Even more alarming to me is that the world’s ecosystems are no longer stable.

I started off my professional career as a biological scientist and the current apocalyptic fires in Australia are too brutal for even this hardened information scout to digest.  The reported loss of animal life there (at least a billion!) a punch to my gut, my heart grieves for the loss of beauty and life, so I turn away in horror at the unfolding death and destruction there.

More locally, here in New England in January 2020, my bird feeders are mostly devoid of the usual (once) common species.  A few chickadees, half the usual blue jays, and a small smattering of juncos.  Some sort of bird apocalypse has occurred, almost certainly connected directly to the great insect apocalypse that has roared across the landscape over the past ten years.  Turns out, wiping out the bottom of the food pyramid is bad for life.  Who knew?

The insects and everything above them on the food chain are now victims of neonicotinoid (“neonics”) pesticides.  Apparently, the need for Bayer and Syngenta to make a few bucks on neonics, and the desire of lazy and careless famers to apply these persistent biocides, exceeds any and all other considerations.

Nobody has a good answer for how we managed to feed ourselves without using neonicotinoids for thousands of years prior to their invention.  Now, we’re told, they are utterly essential.  Again, mainly by the lazy, the careless, or the economically greedy.  I’m sure to receive some angry letters from farmers explaining how they couldn’t survive without them and I’m being insensitive to their plight.  But I’ll predict that none of these angry emails will explain how the world’s food production system managed to survive prior to 2008 when the neonics came into common use.

If we can’t even get this simple part of the story right – not using something 10x worse than DDT – how are we possibly going to get the far more complex and complicated stuff right?

If we can’t even protect the bottom of the food chain (stupid easy to grasp why this is relevant and important), how are we going to manage to peacefully share the remaining dregs of oil without launching missiles at one another?

How are we going to wean ourselves off of fossil fuels, which is going to happen with or without our willing consent, when doing so will require upending our current living arrangements, enormously complex supply chains, and re-directing a vast portion of our economy away from consumption and towards energy infrastructure?

Spoiler alert:  We’re not.

That’s what people are beginning to register in their deep animal bones. It’s part of the anxiety we all feel but maybe can’t articulate.  The prime narrative by which we live is false, and if that’s not being registered by the cortex, it will be felt in the gut.

To put it visually:

Welcome To The Club

Meanwhile “the economy” has been replaced by stock worshiping; which itself is propped up by wave after massive wave of central bank money printing.

Each day for the past 3 weeks I’ve awoken to discover that the Federal Reserve has poured into the “markets” anywhere from $45 billion to $120 billion overnight.

If Band-Aids could cure cancer, I’d be 100% in favor of what the central banks are doing.  But since ‘symptom masking’ serves only to make things eventually worse, I am very much not in favor of the Fed’s actions.

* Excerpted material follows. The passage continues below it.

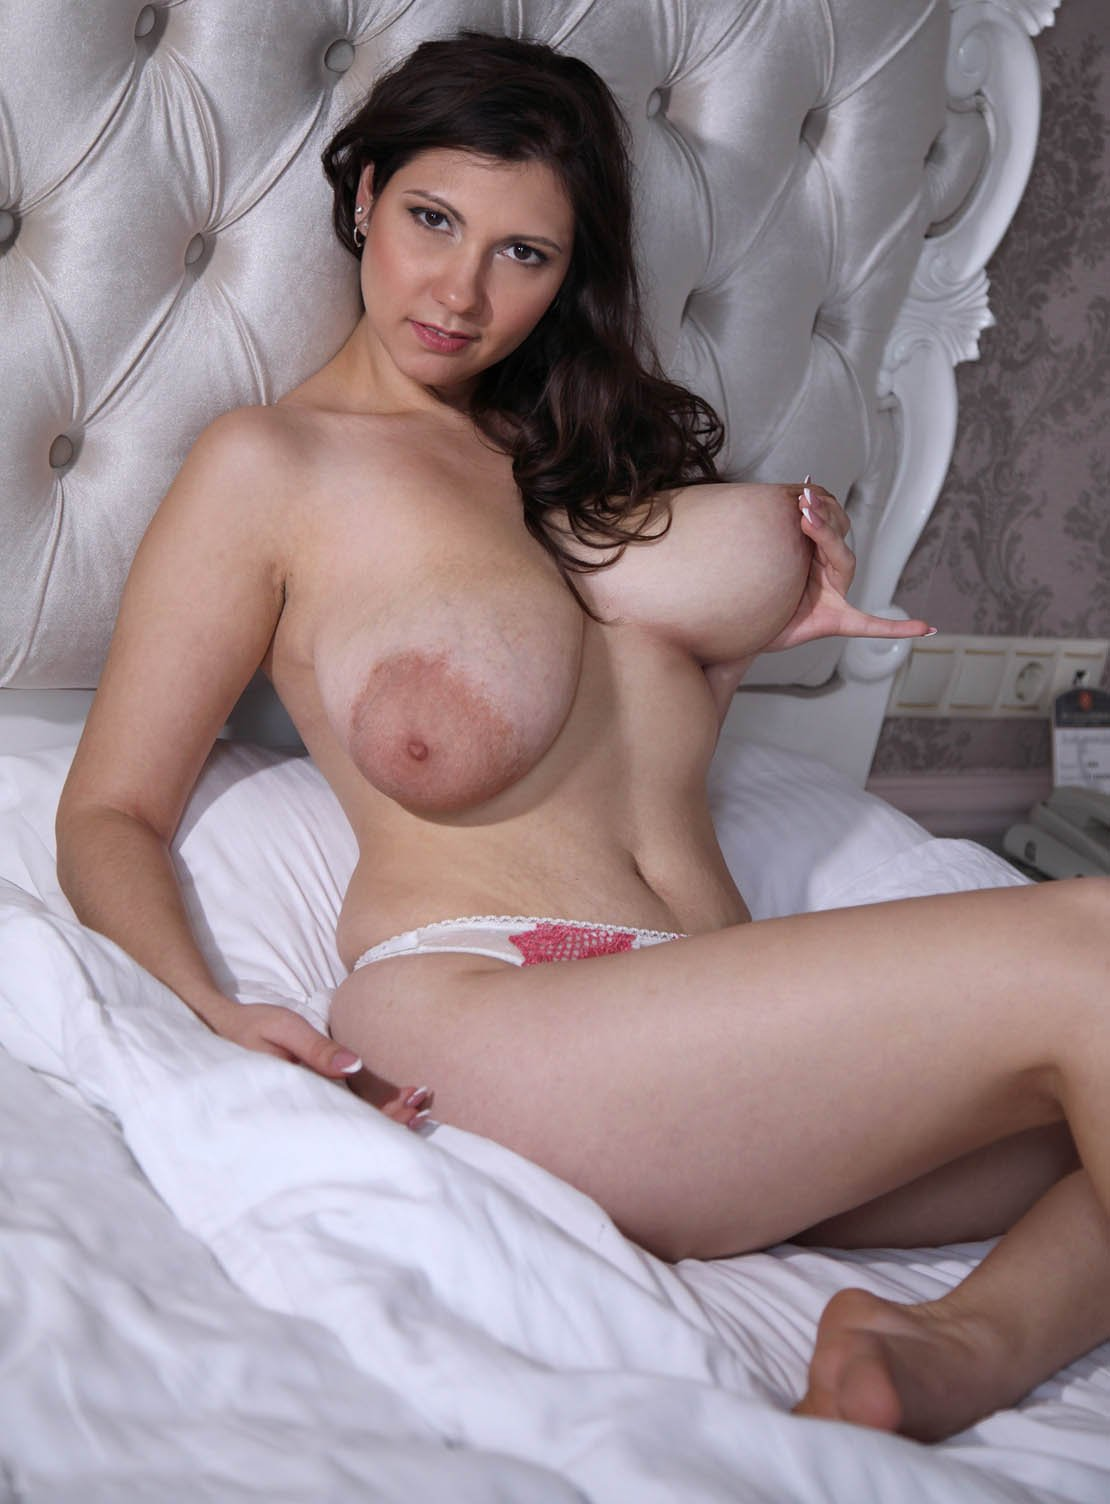 Русское порно девки с большими сосками смотреть бесплатно
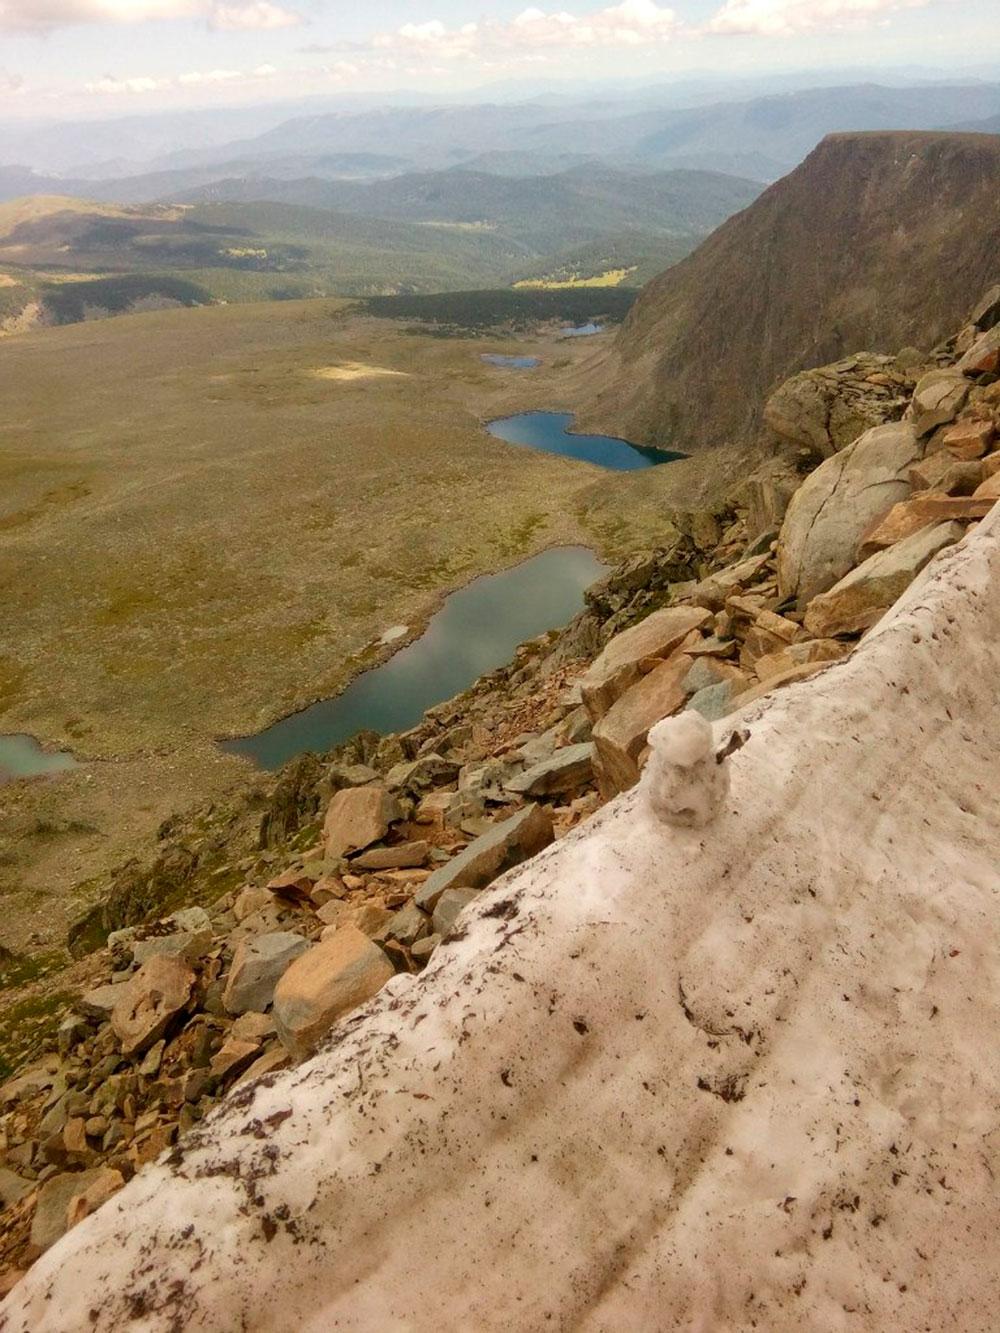 Вид на озера и прошлогодний снег в начале августа. На вершине горы Сарлык одни камни, растительности там нет

Geopolitically, the tensions in the Mideast are almost certain to lead to calculation error, some sort of mistake that boils over into something even more tragic than has already occurred (and that’s saying a lot).

If all of this sums up to a fair bit of worry on your part, well… welcome to the club.  You’re not alone.

Though you might feel as if you are. Especially after the ‘cheerful’ holidays, when there’s pressure to put on a happy face. Maybe even a family member gave you an advance warning not to bring up any of your ‘doomer’ talk at the holiday table.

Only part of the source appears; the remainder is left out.